#### [TASK ITEM]
Starting at the line that contains "Download Night Scenes", write out every line through the end of the records exactly as it stands, and leave out all pictures.

#### [DATA SUPPLIED]
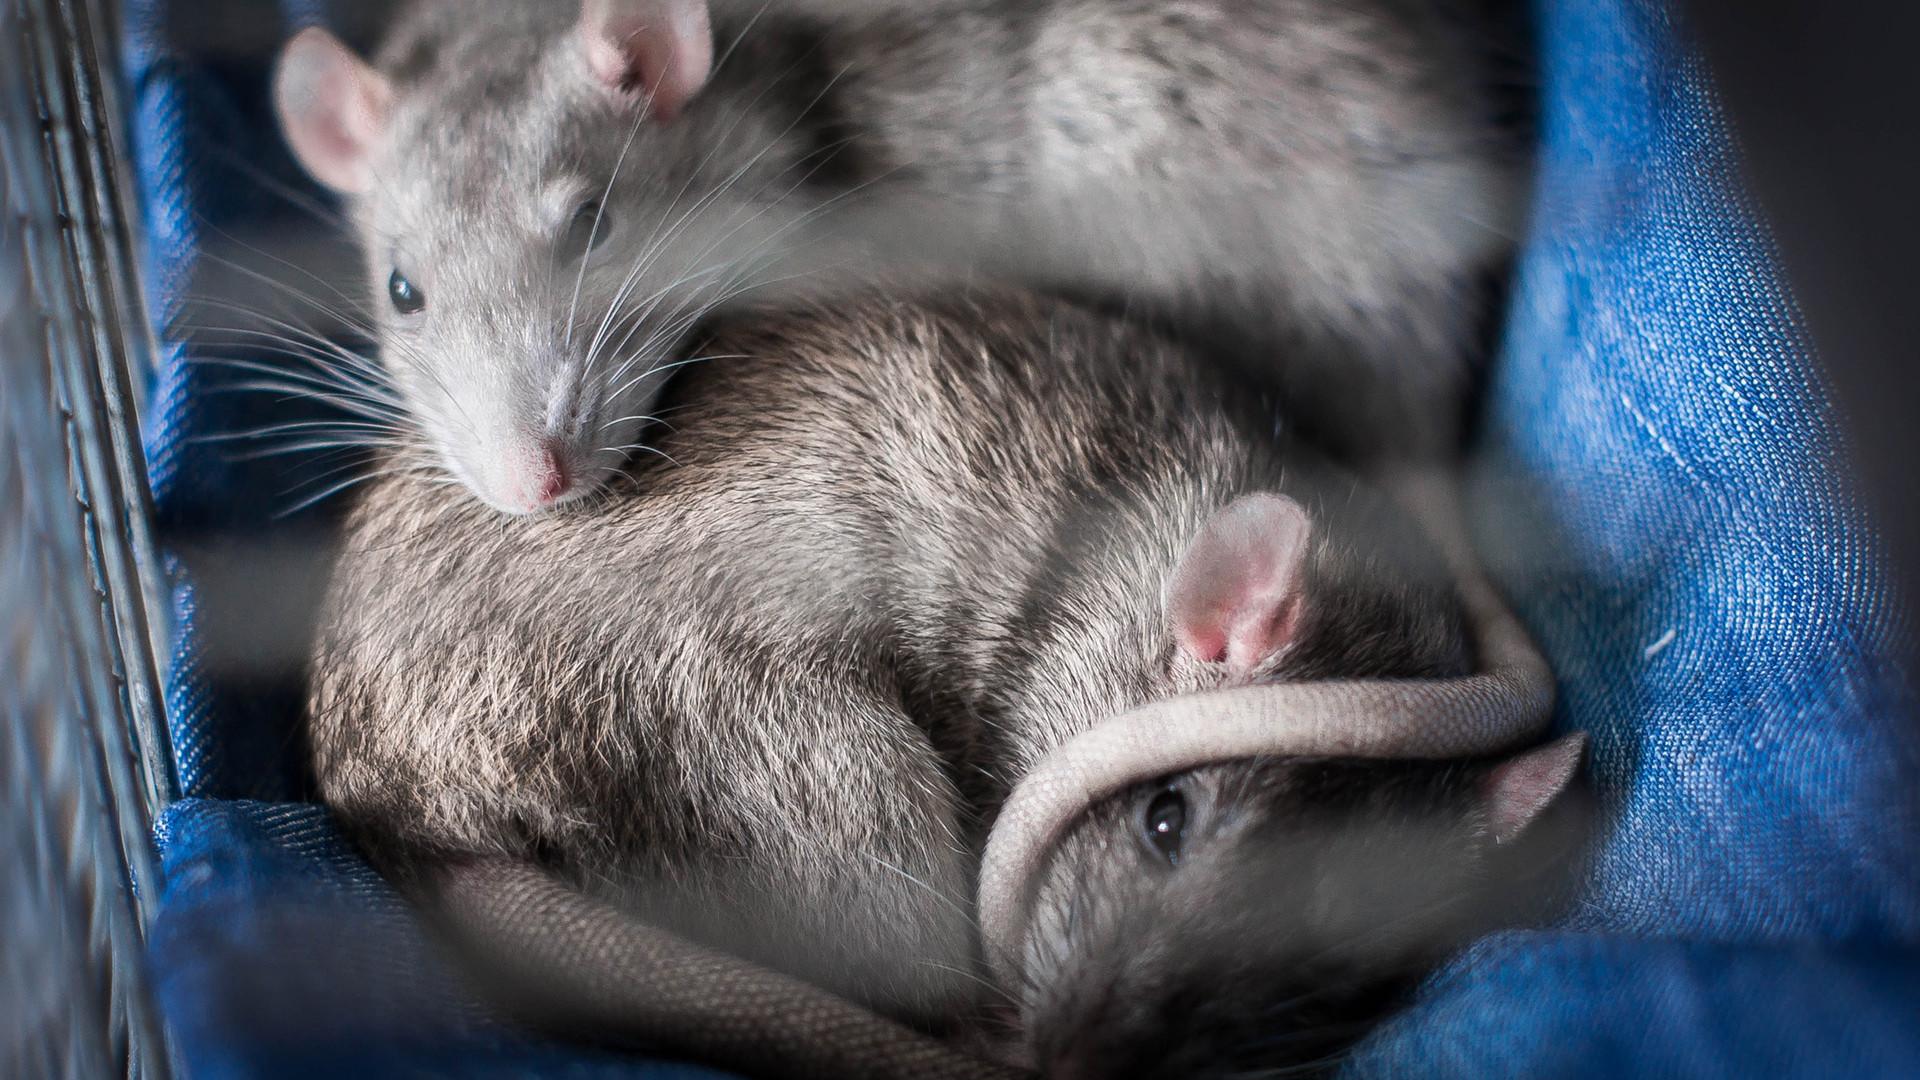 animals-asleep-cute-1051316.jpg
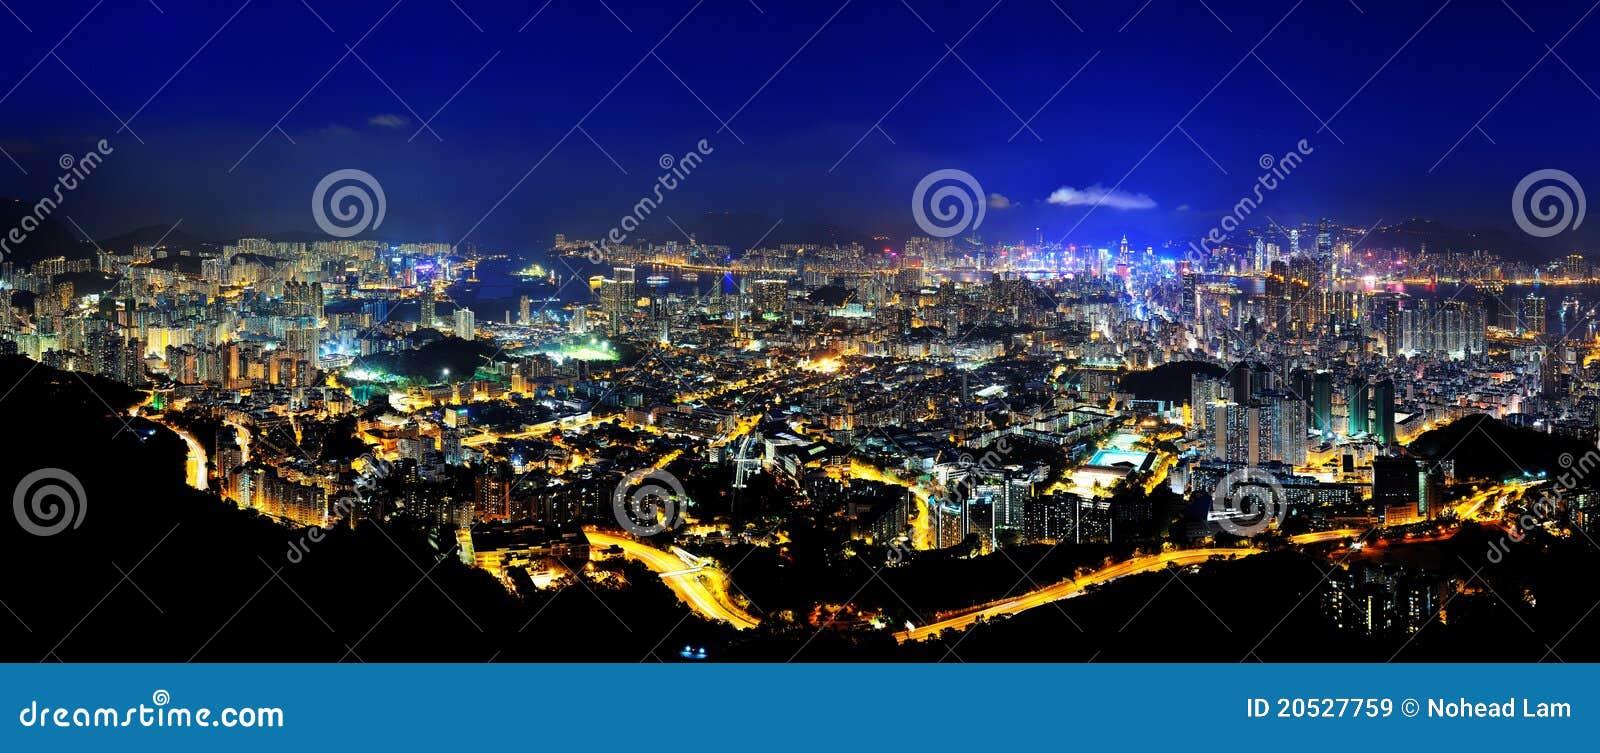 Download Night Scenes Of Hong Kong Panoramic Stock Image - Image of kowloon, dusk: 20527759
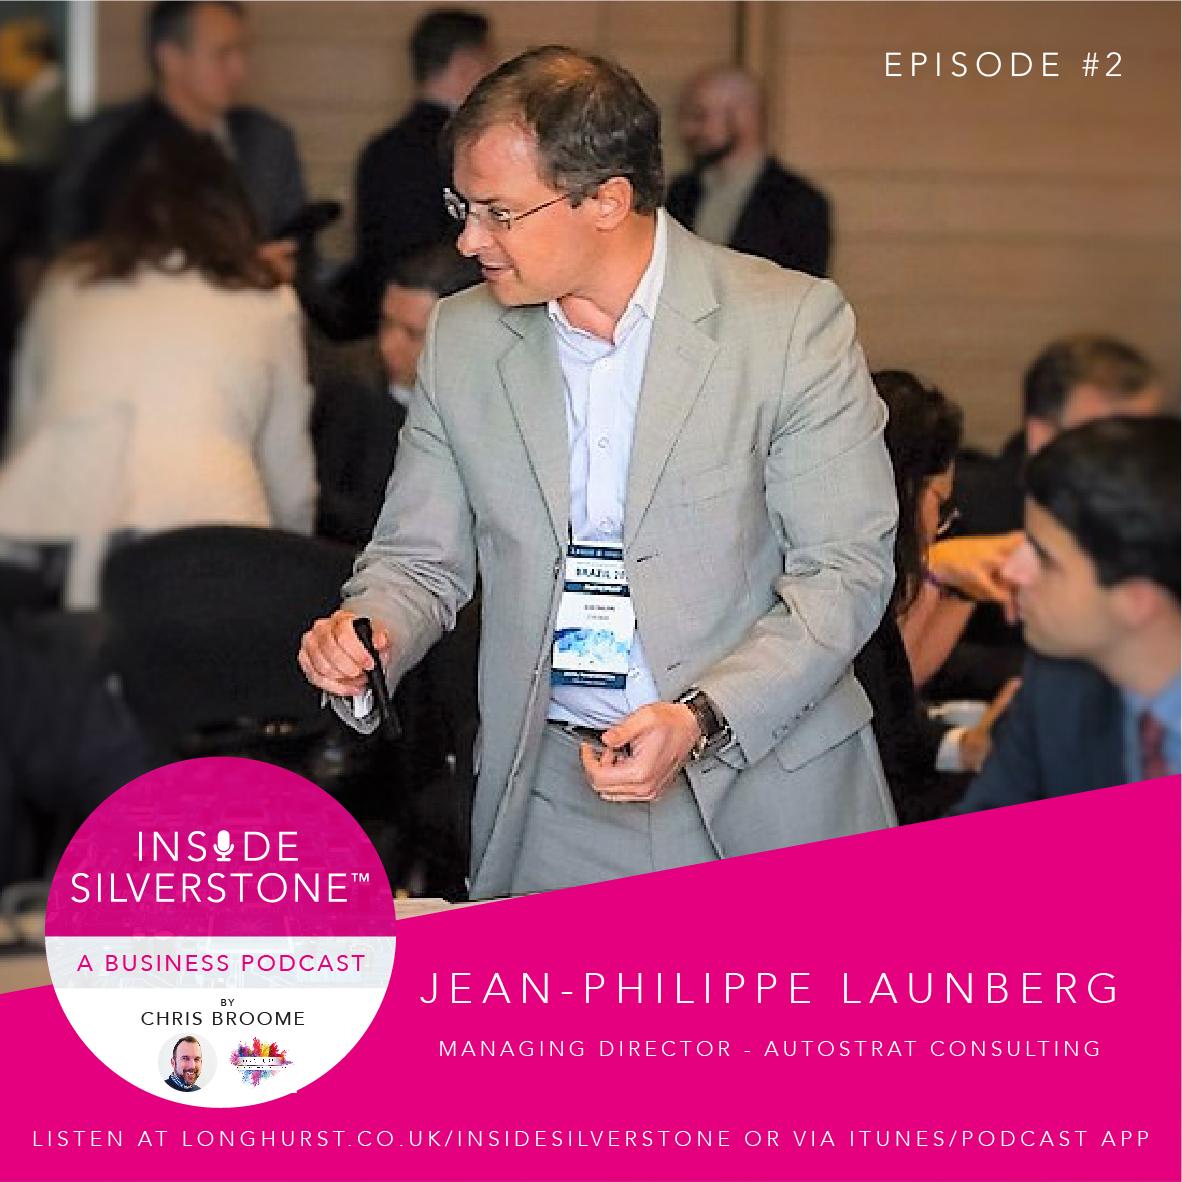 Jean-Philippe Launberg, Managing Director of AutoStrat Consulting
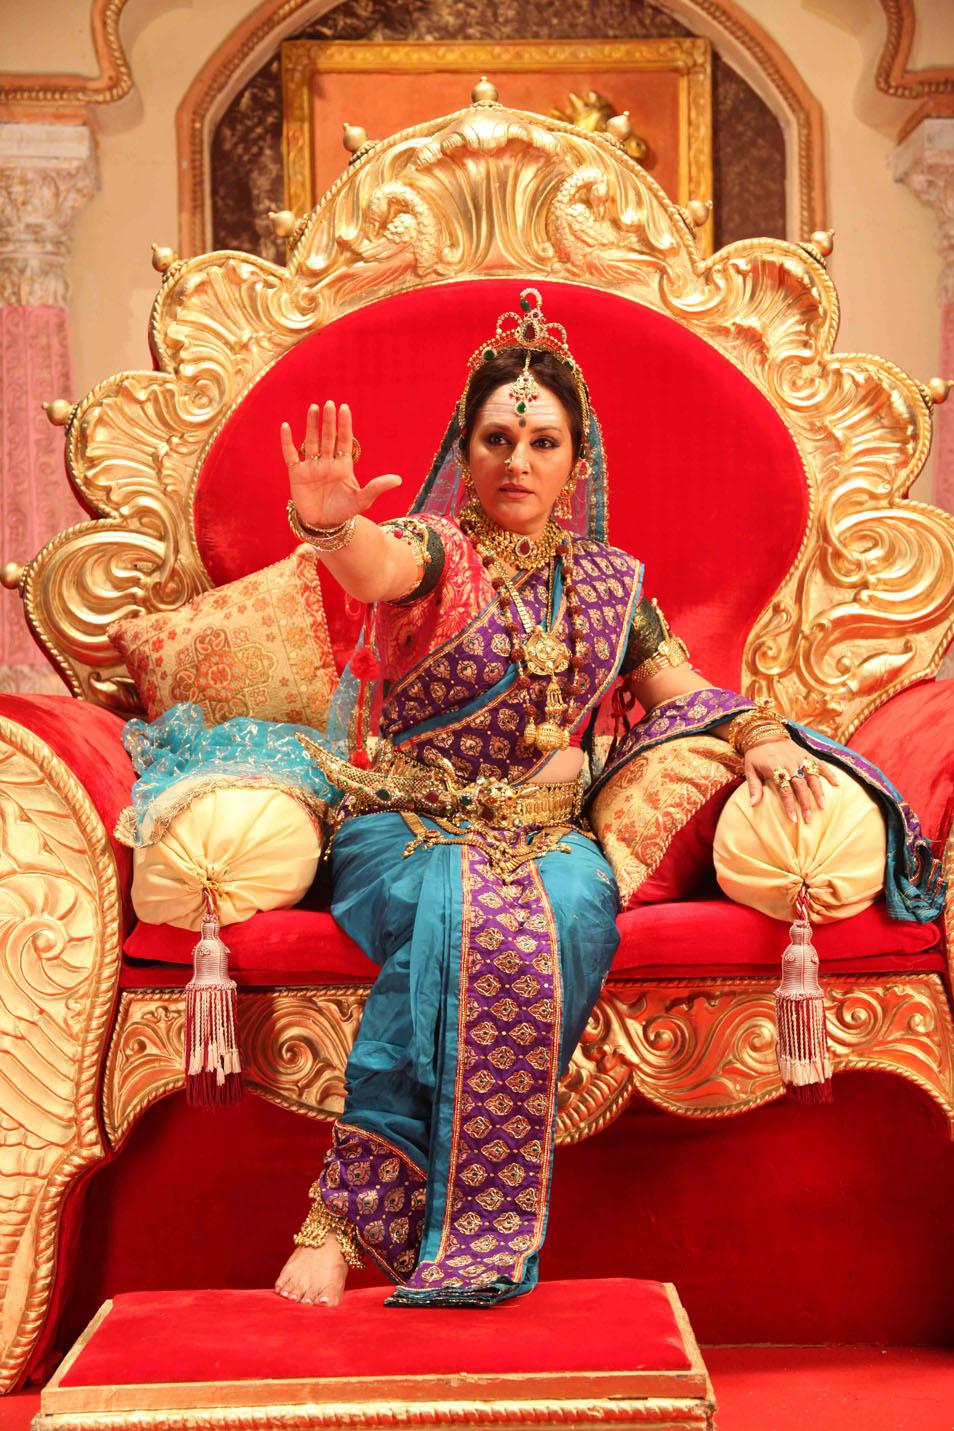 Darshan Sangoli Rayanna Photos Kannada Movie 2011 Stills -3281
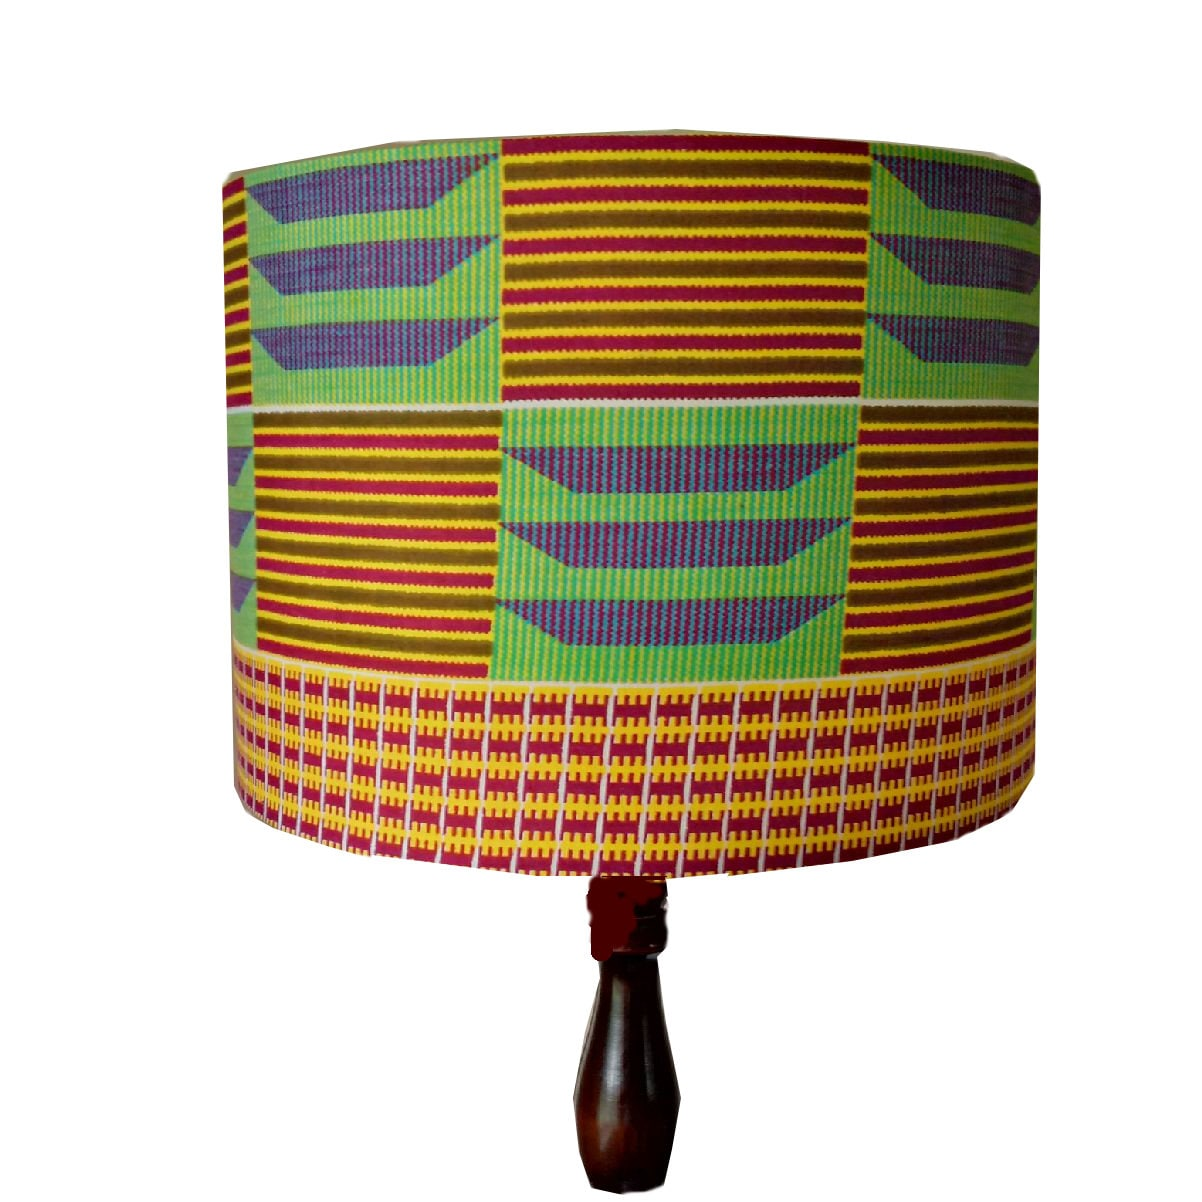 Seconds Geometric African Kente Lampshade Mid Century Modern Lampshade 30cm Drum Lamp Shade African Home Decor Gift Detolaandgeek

#### [OUTPUT FOR THIS TASK]
 Download Night Scenes Of Hong Kong Panoramic Stock Image - Image of kowloon, dusk: 20527759
 Jean-Philippe Launberg, Managing Director of AutoStrat Consulting
 Darshan Sangoli Rayanna Photos Kannada Movie 2011 Stills -3281
 Seconds Geometric African Kente Lampshade Mid Century Modern Lampshade 30cm Drum Lamp Shade African Home Decor Gift Detolaandgeek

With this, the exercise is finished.